Benjamin Champion is a freshman at The Juilliard School, where he studies composition with Melinda Wagner. Benjamin graduated from Idyllwild Arts Academy (IAA), where he studied composition with Mark Carlson (UCLA), and piano performance with Dr. Jeanette Louise Yaryan (IAA). Ben spent three years in the Young Composer Fellowship program with the Los Angeles Philharmonic lead by Andrew Norman and Sarah Gibson. Ben’s compositions have been performed by the Los Angeles Philharmonic, the Los Angeles Master Chorale, the L.A. Percussion Quartet, the Calder Quartet, and Rebekah Heller of I.C.E.. Other highlights in Ben’s career include Boston University Tanglewood Institute (summer 2016), Finalist in the Morton Gould Young Composer Awards (2016, ’17, ’18), Yellow Barn International Chamber Music Festival Young Artist/Composer (summer 2017 and 2018) and Winner/Finalist (2018).

Theodore Haber, is a San Francisco Bay Area based composer and violinist. He is a student at the USC Thornton School of Music studying composition with Ted Hearne and Sean Friar. Previous teachers include John Adams, Matthew Cmiel, Samuel Carl Adams, and Robert Yamasato. Haber has participated in the John Adams Young Composers Program summer workshop, The Yellow Barn Young Artists Program, and the soundSCAPE Composition and Performance Exchange. He enjoys collaboration and aims to learn about other art forms through collaborative projects. He has worked with filmmakers, actors, and dancers. He has performed with the Kronos Quartet, in the Other Minds Music Festival, and in the Switchboard Music Festival, and was a member of the San Francisco Symphony Youth Orchestra. His compositions have been premiered by the Baumer String Quartet, The Left Coast Chamber Ensemble, SF Sound, the Friction Quartet, the Now Ensemble, and the USC Thornton Symphony.

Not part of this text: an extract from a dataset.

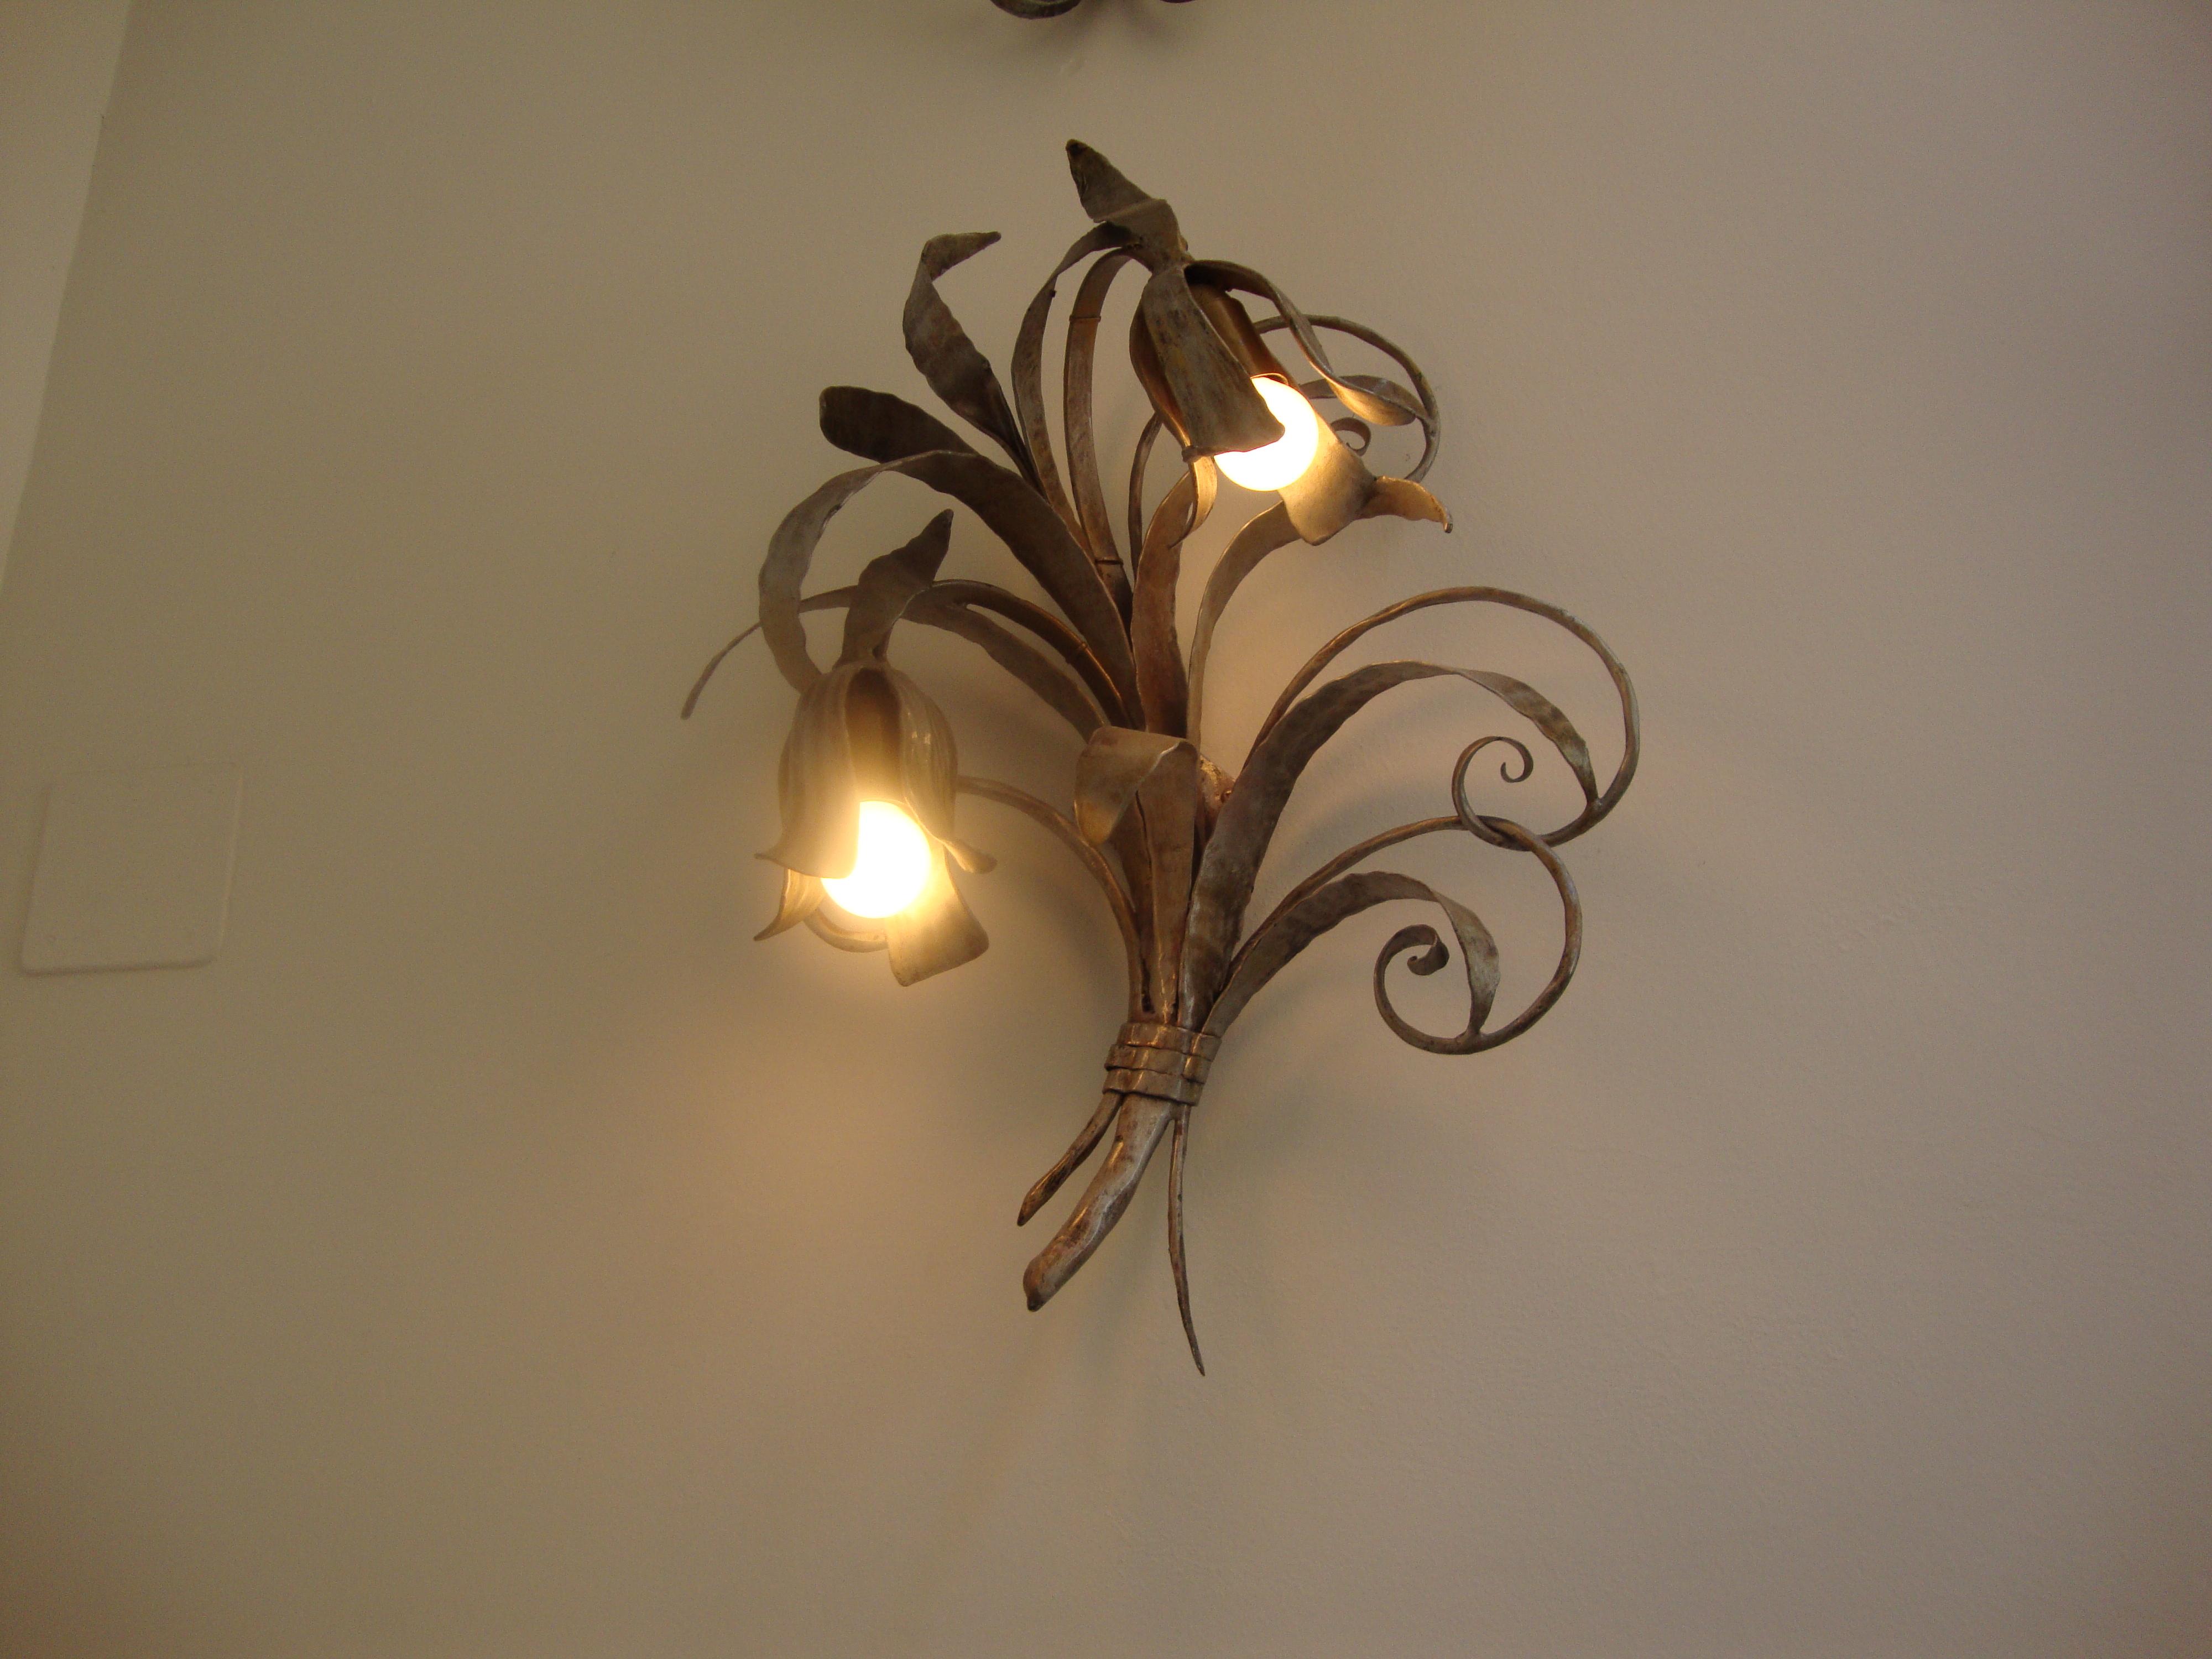 living room wall light fixtures photo - 4
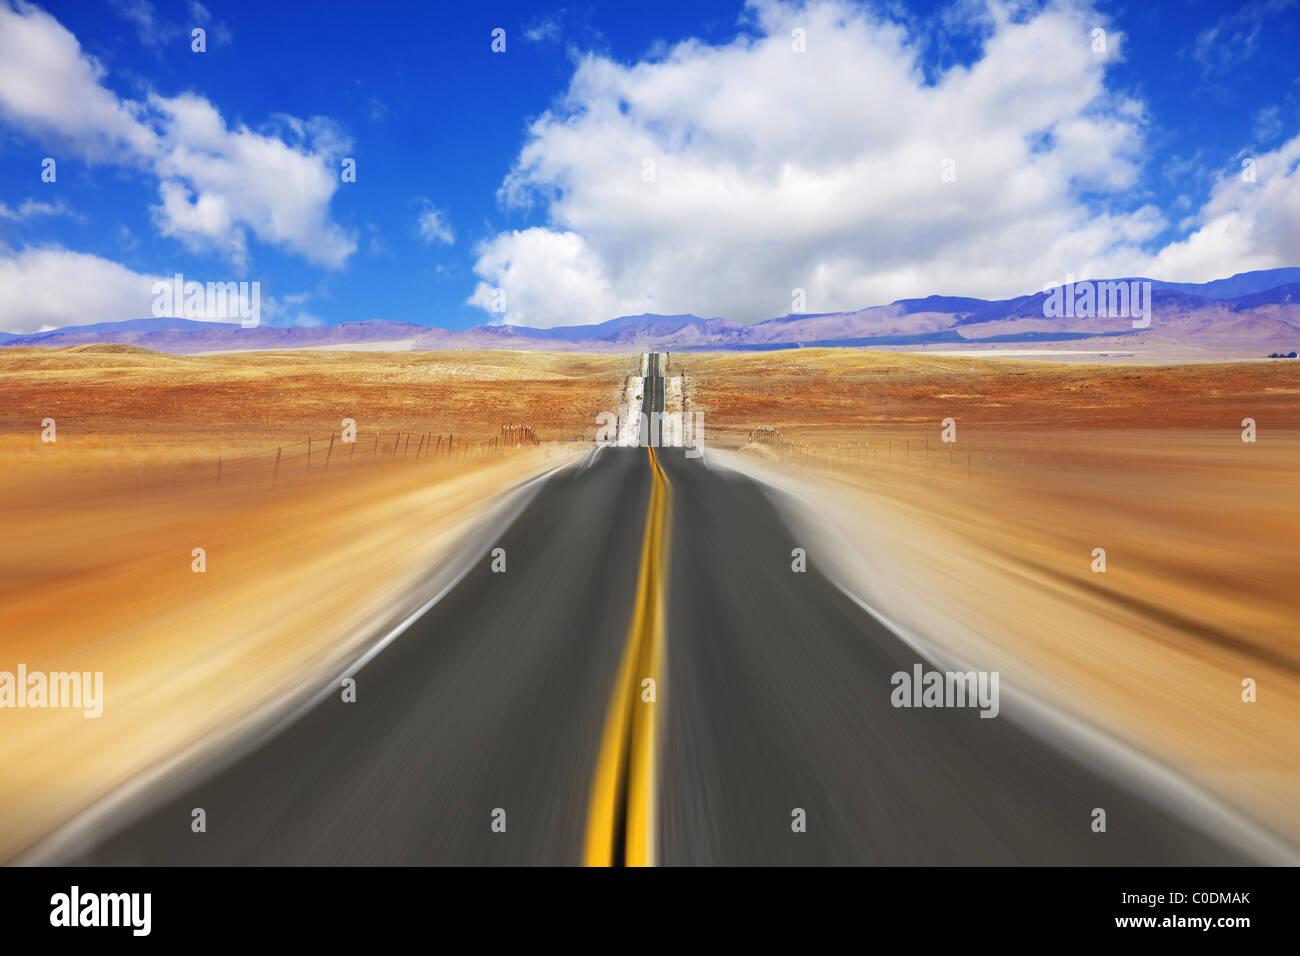 Mirage on high speed in desert Stock Photo

18-year-old Sofia Belimova was born in St. Petersburg, Russia, and is a first-year student at Amherst College. At seven years old, she started studying piano and violin, and a year later she began composition lessons at the St. Petersburg Conservatory with Sofya Levkovskaya. Sofia's family immigrated to the United States in 2009, and in 2010 she was accepted to the Special Music School at Kaufman Music Center where she studied piano with Natela Mchedlishvili and composition with Robinson McClellan. In high school, she went on to attend the Manhattan School of Music Precollege Program where she studied with Wang Jie and Kevin James of the American Composers Orchestra Compose Yourself! Program. She has participated in the Face the Music ensemble and the Luna Composition Lab where she worked with Missy Mazzoli. Her pieces have been performed at The Roulette, Le Poisson Rouge, Mannes School of Music, Doge Hall at Columbia University, Firehouse Space, The Jazz Gallery, The Metropolitan Museum of Art balcony, Merkin Concert Hall, and others.